- **DATASET SECTION**:
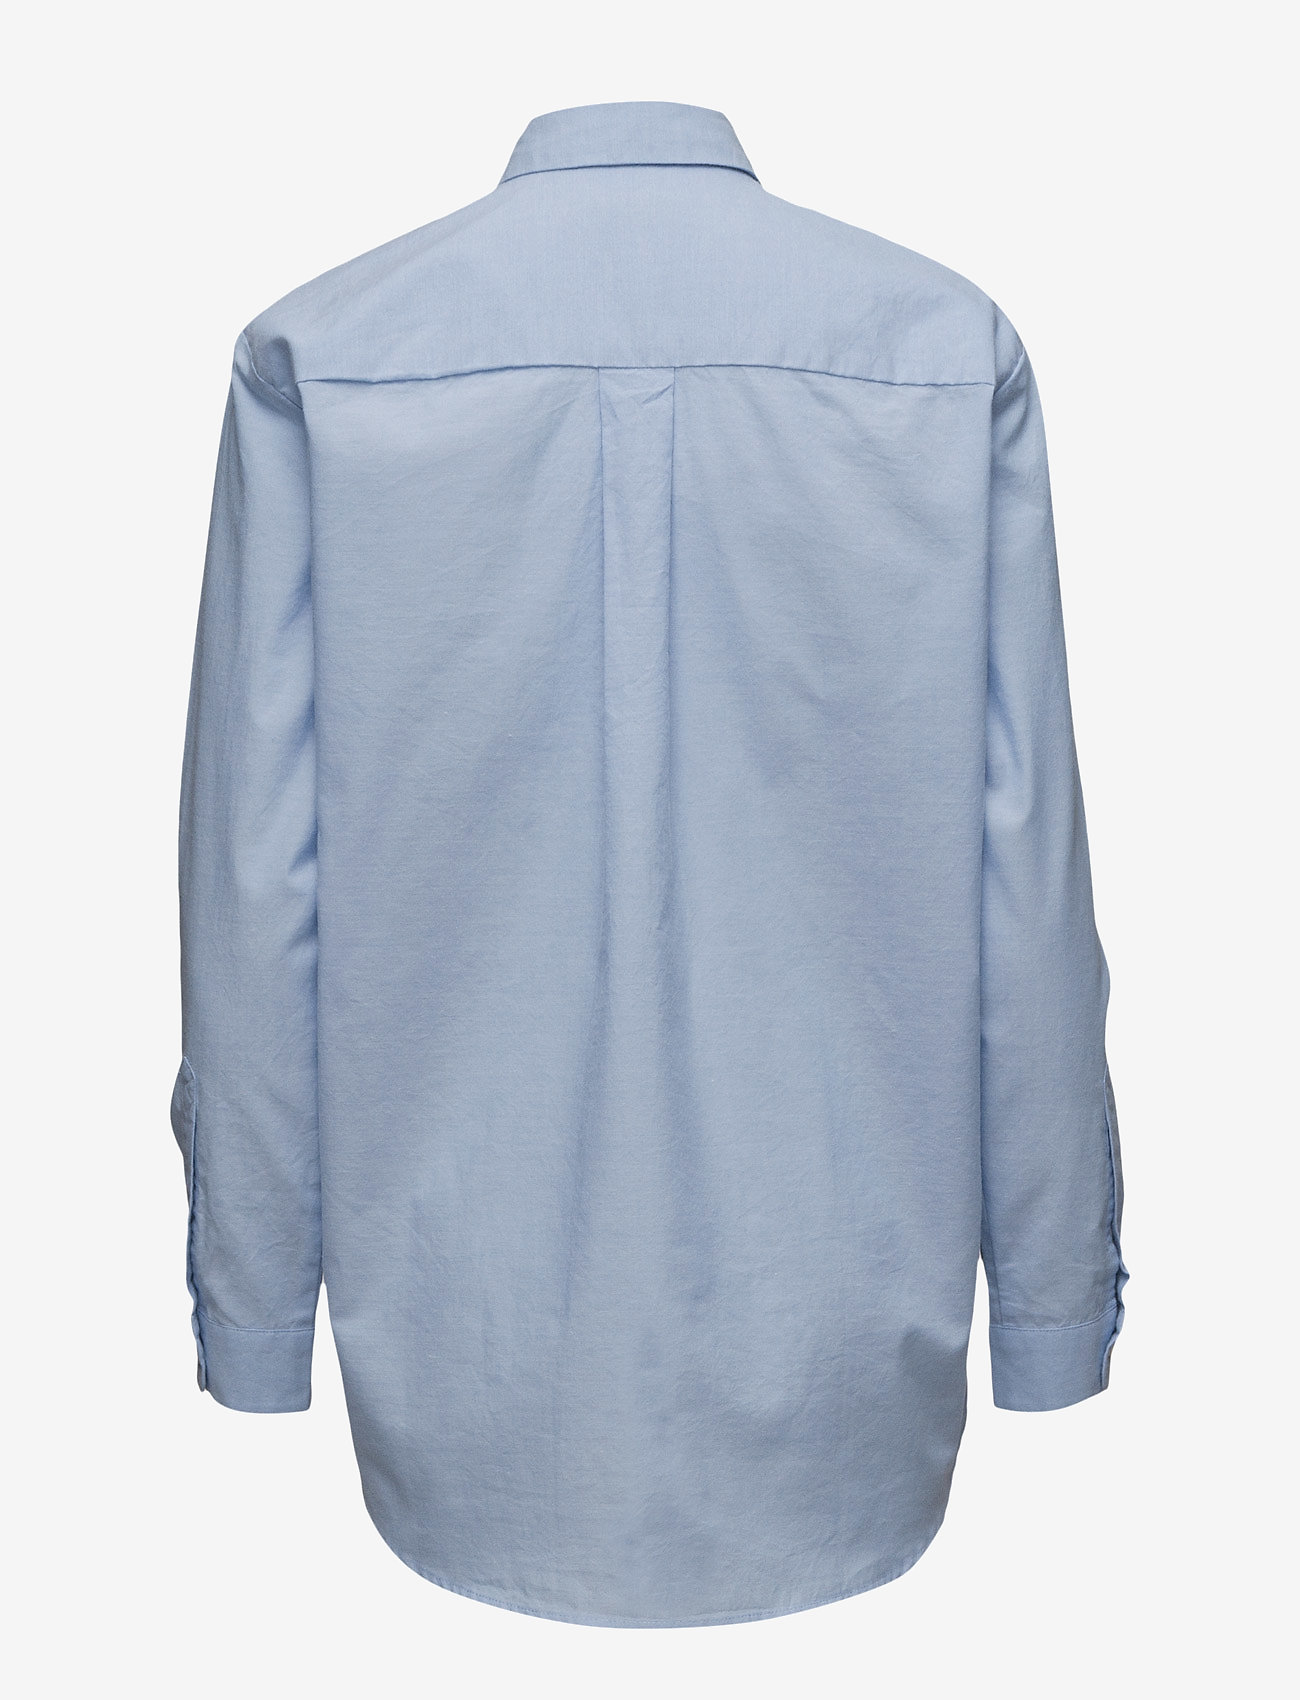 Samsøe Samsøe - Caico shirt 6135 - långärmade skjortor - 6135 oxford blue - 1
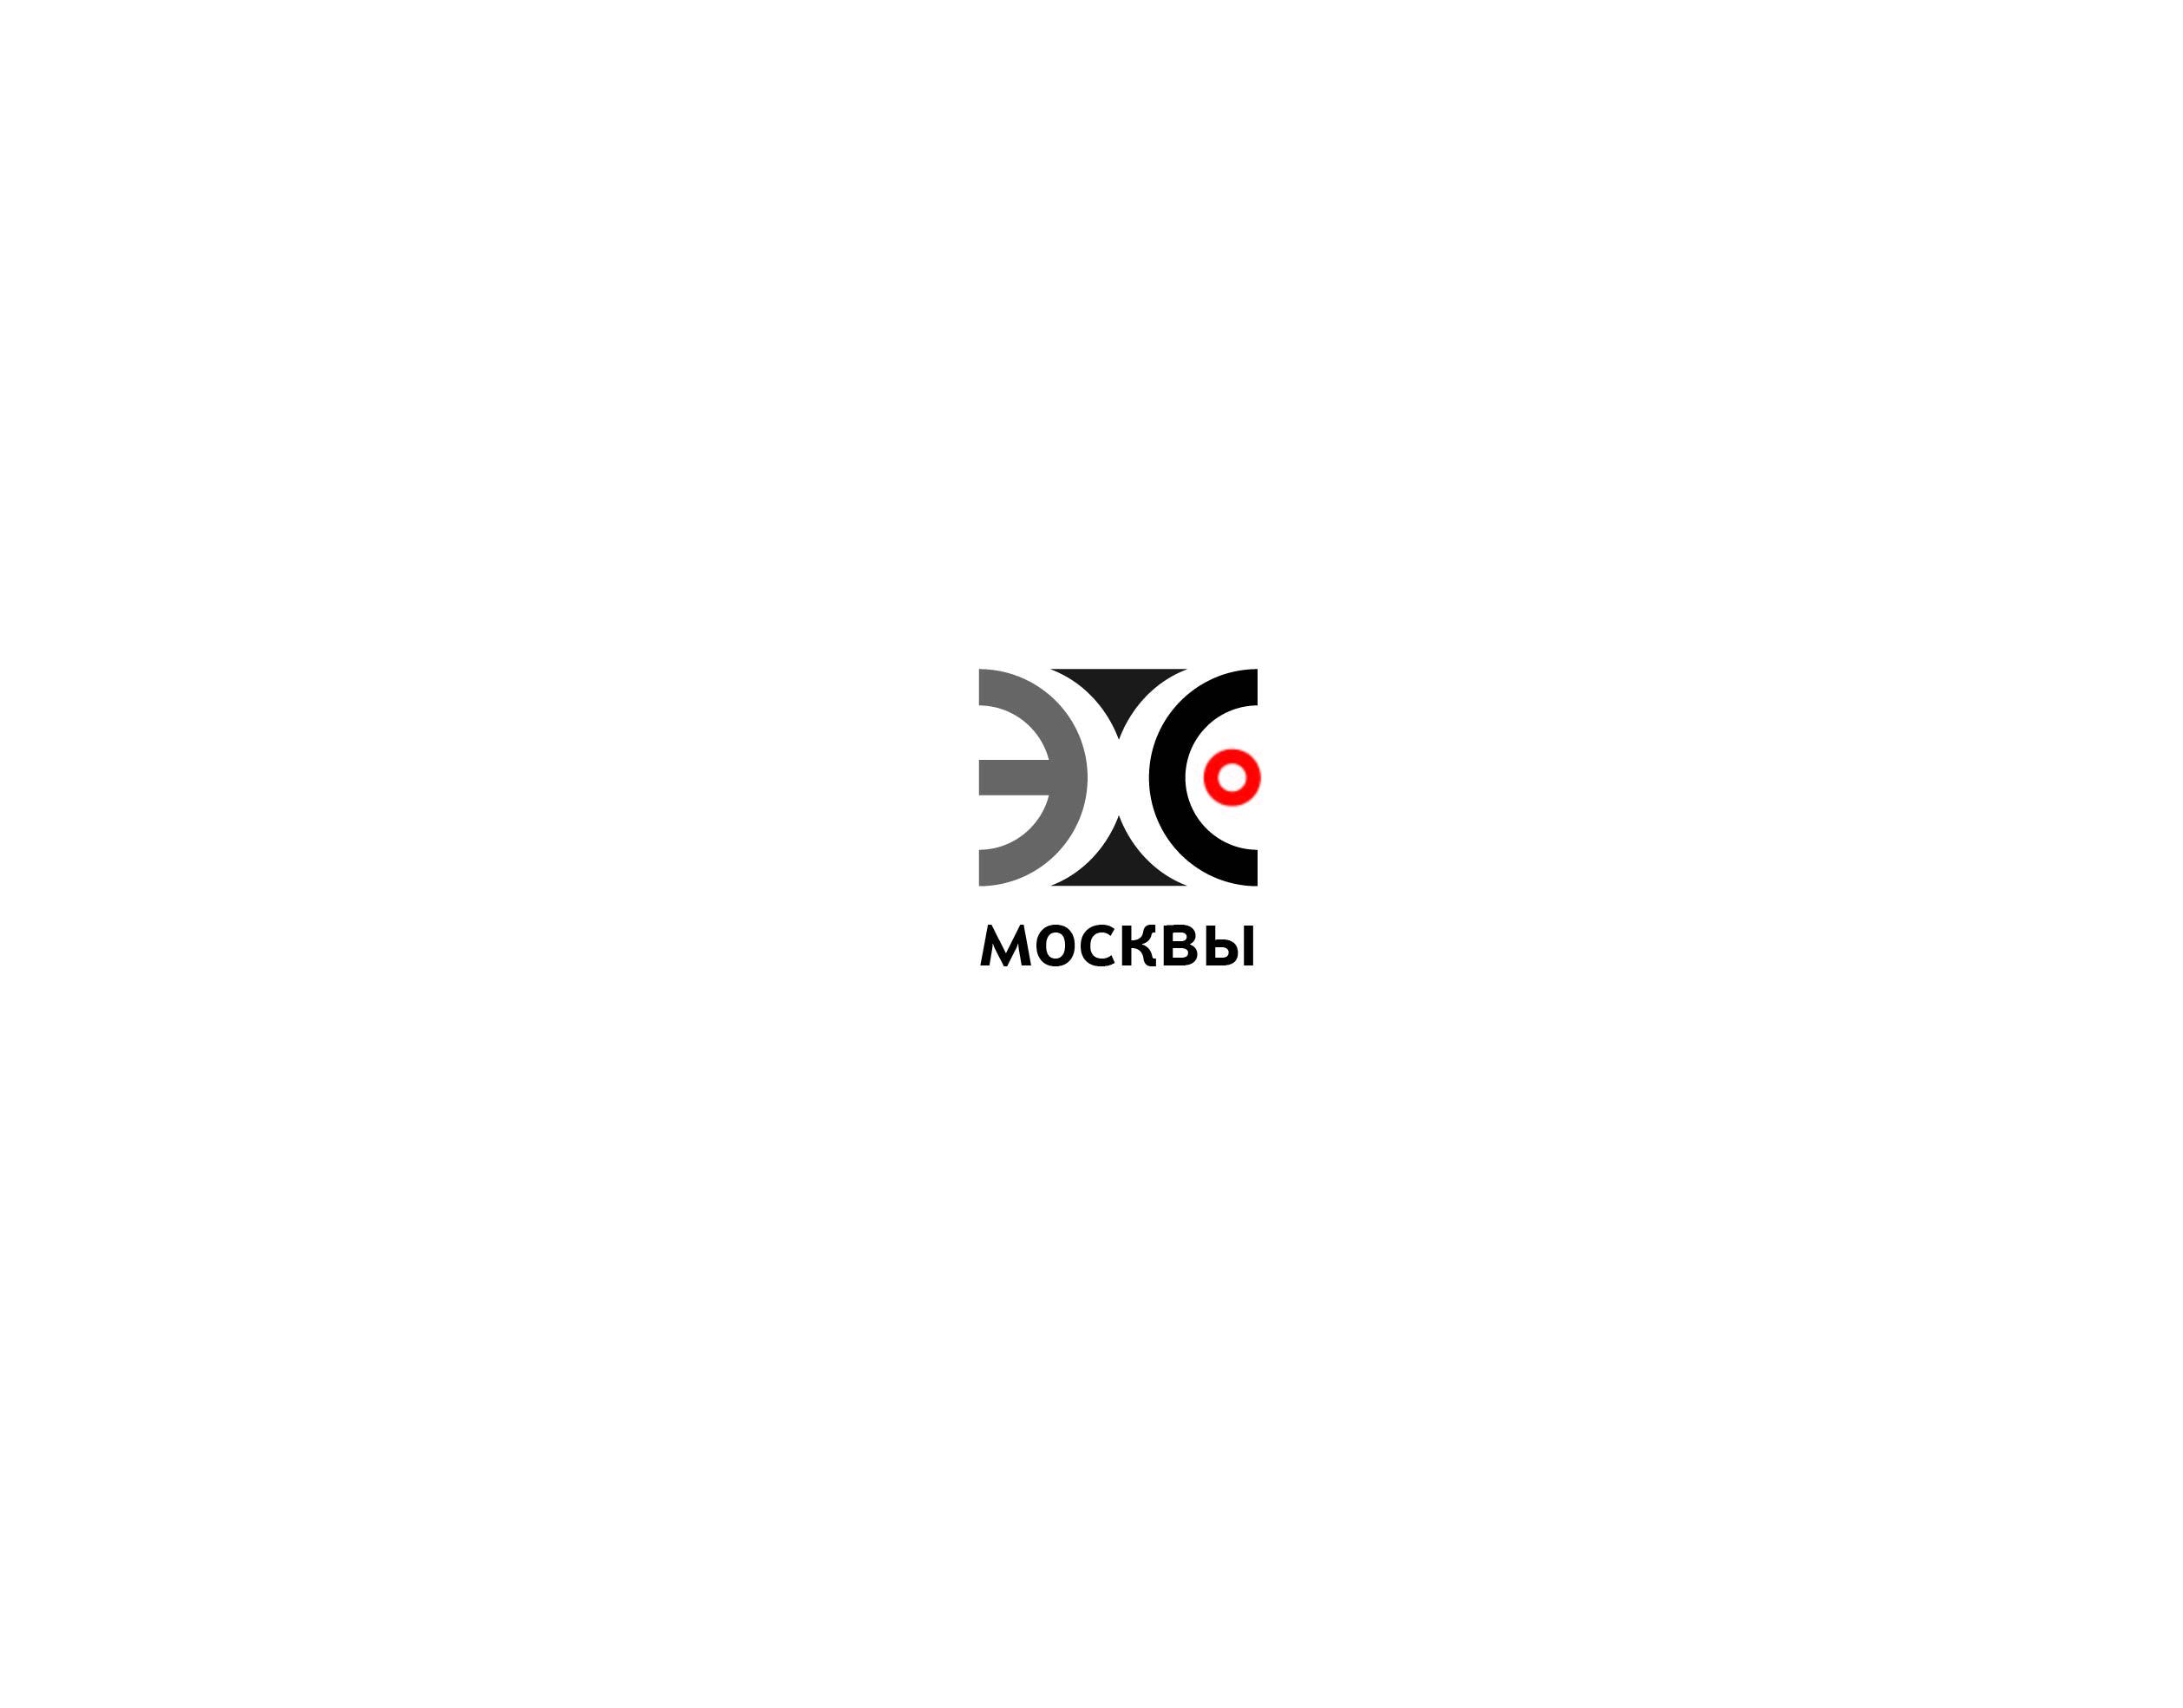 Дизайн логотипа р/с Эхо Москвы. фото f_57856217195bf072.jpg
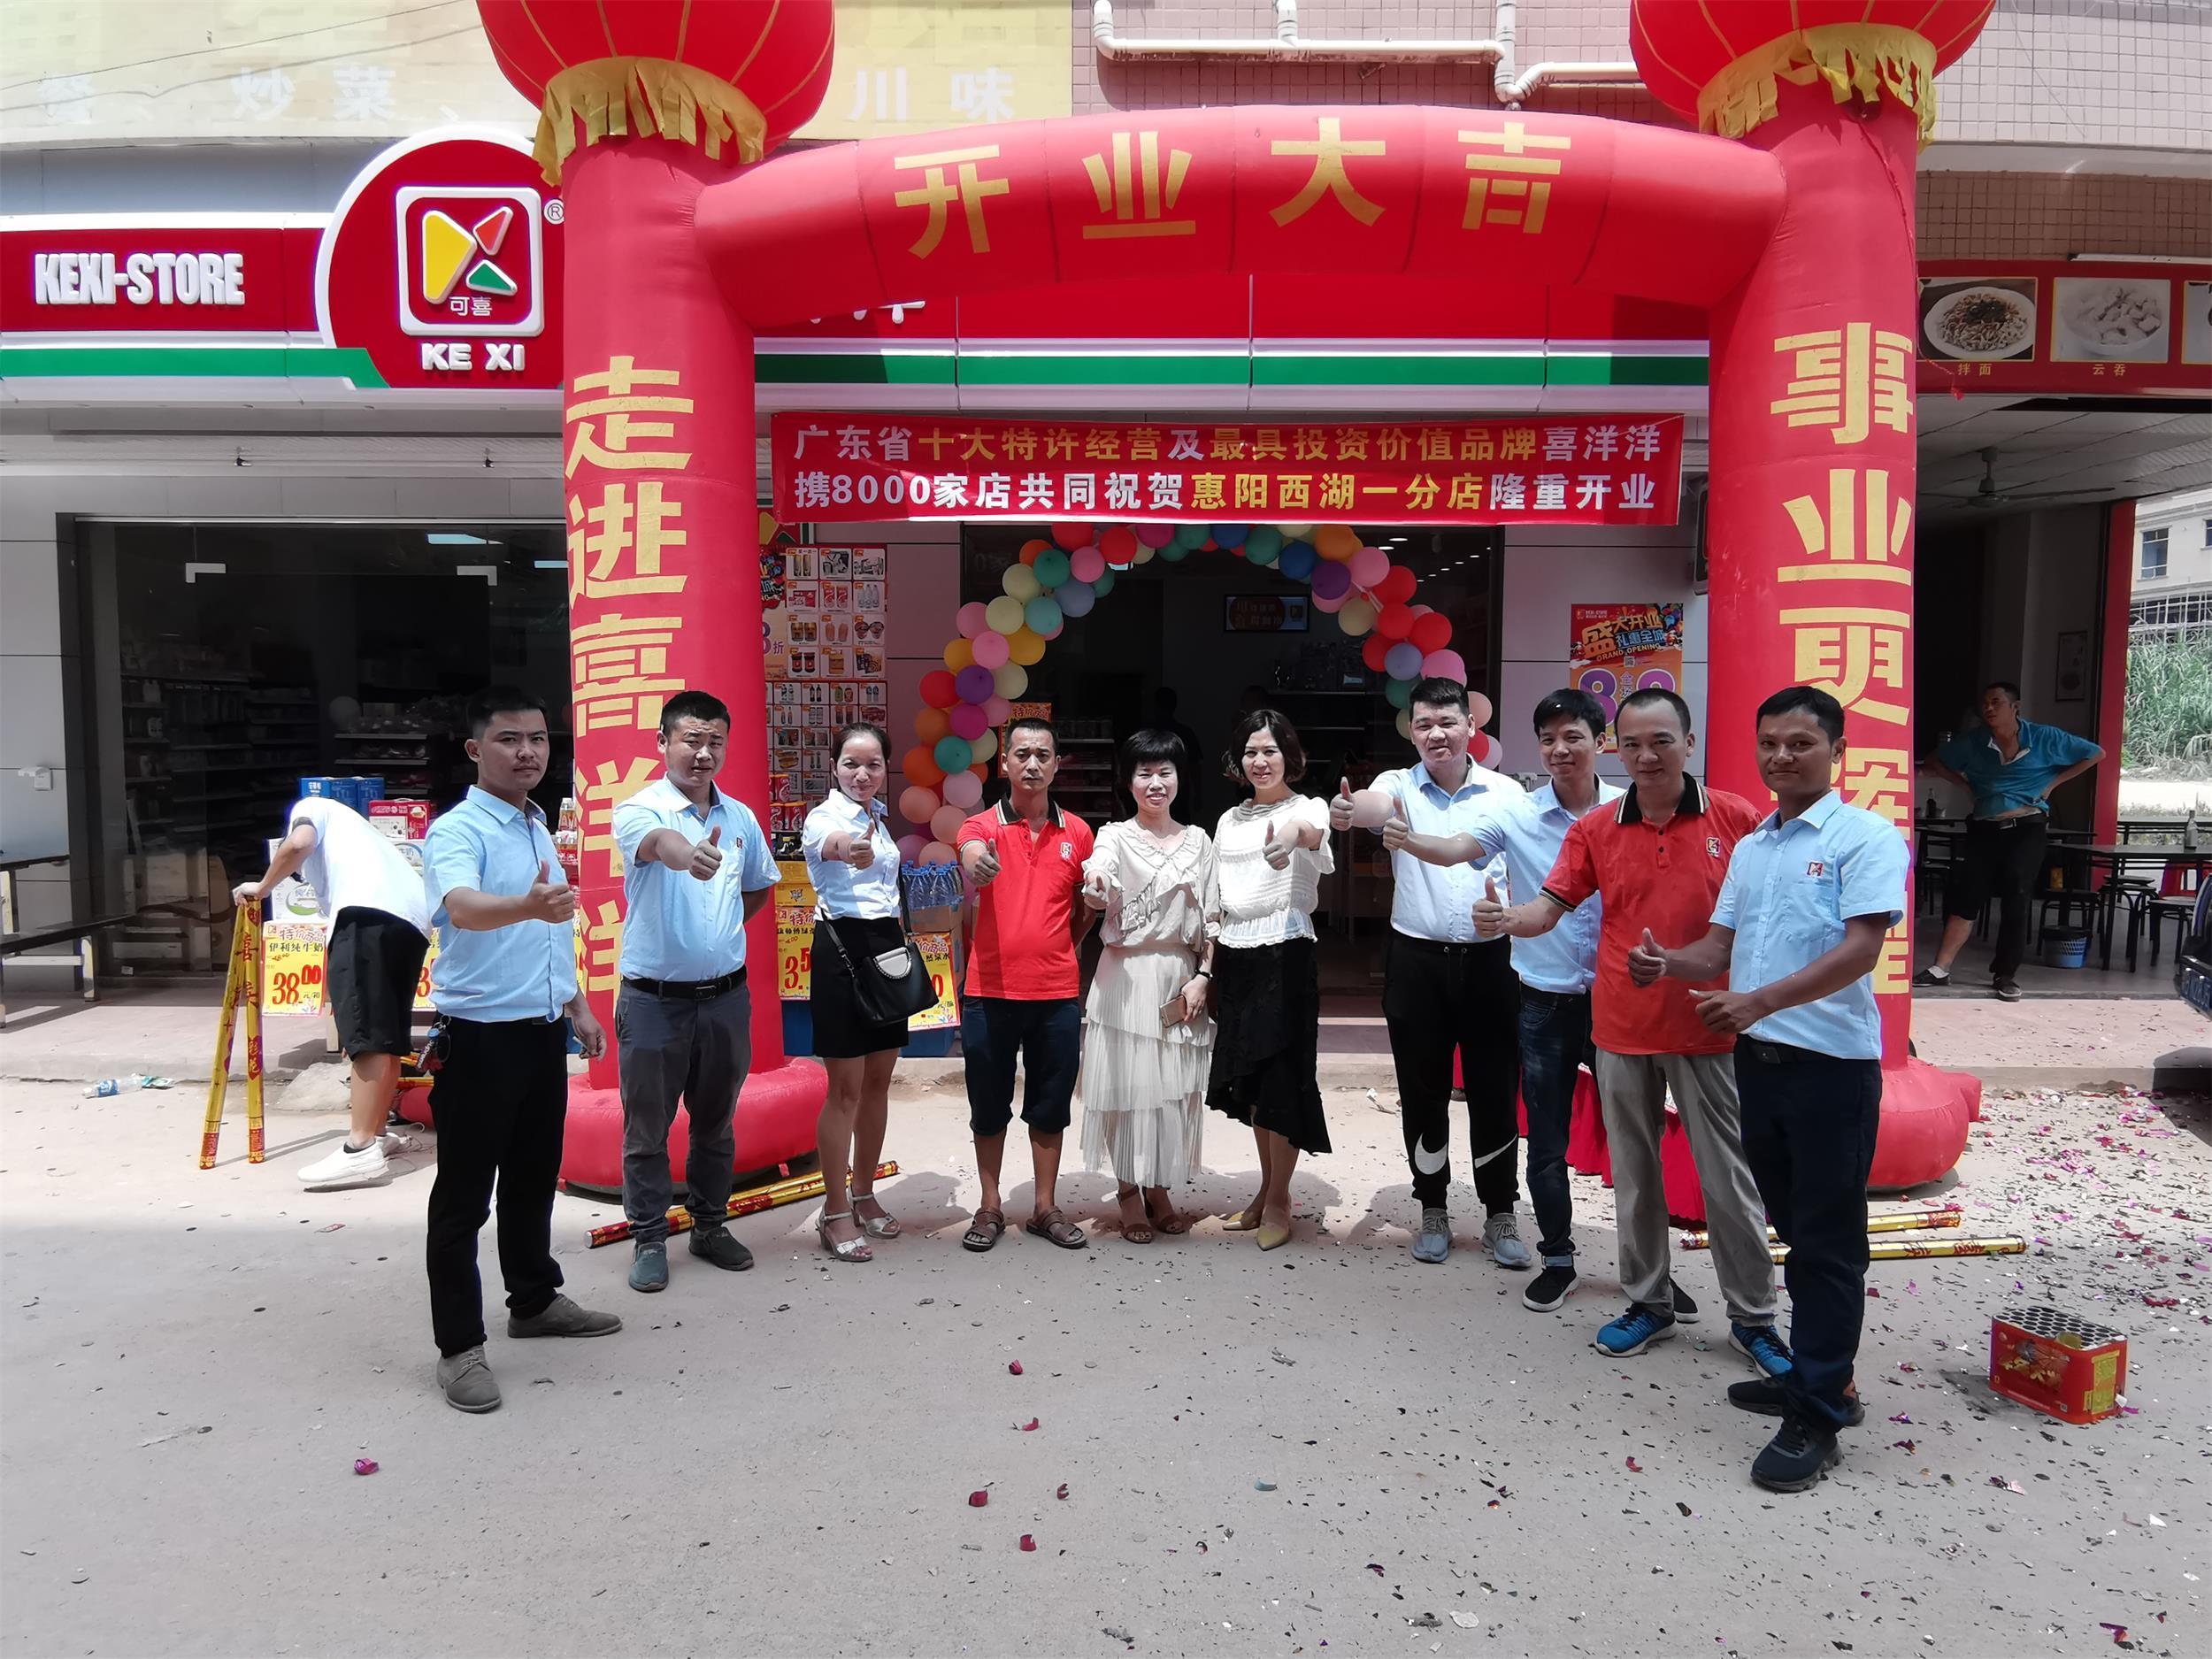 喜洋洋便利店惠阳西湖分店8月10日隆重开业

- **WHAT TO WORK ON**:
Give the listing again exactly, but omit each image.

- **PROBLEM SOLUTION**:
 Samsøe Samsøe - Caico shirt 6135 - långärmade skjortor - 6135 oxford blue - 1
 Дизайн логотипа р/с Эхо Москвы. фото f_57856217195bf072.jpg
 喜洋洋便利店惠阳西湖分店8月10日隆重开业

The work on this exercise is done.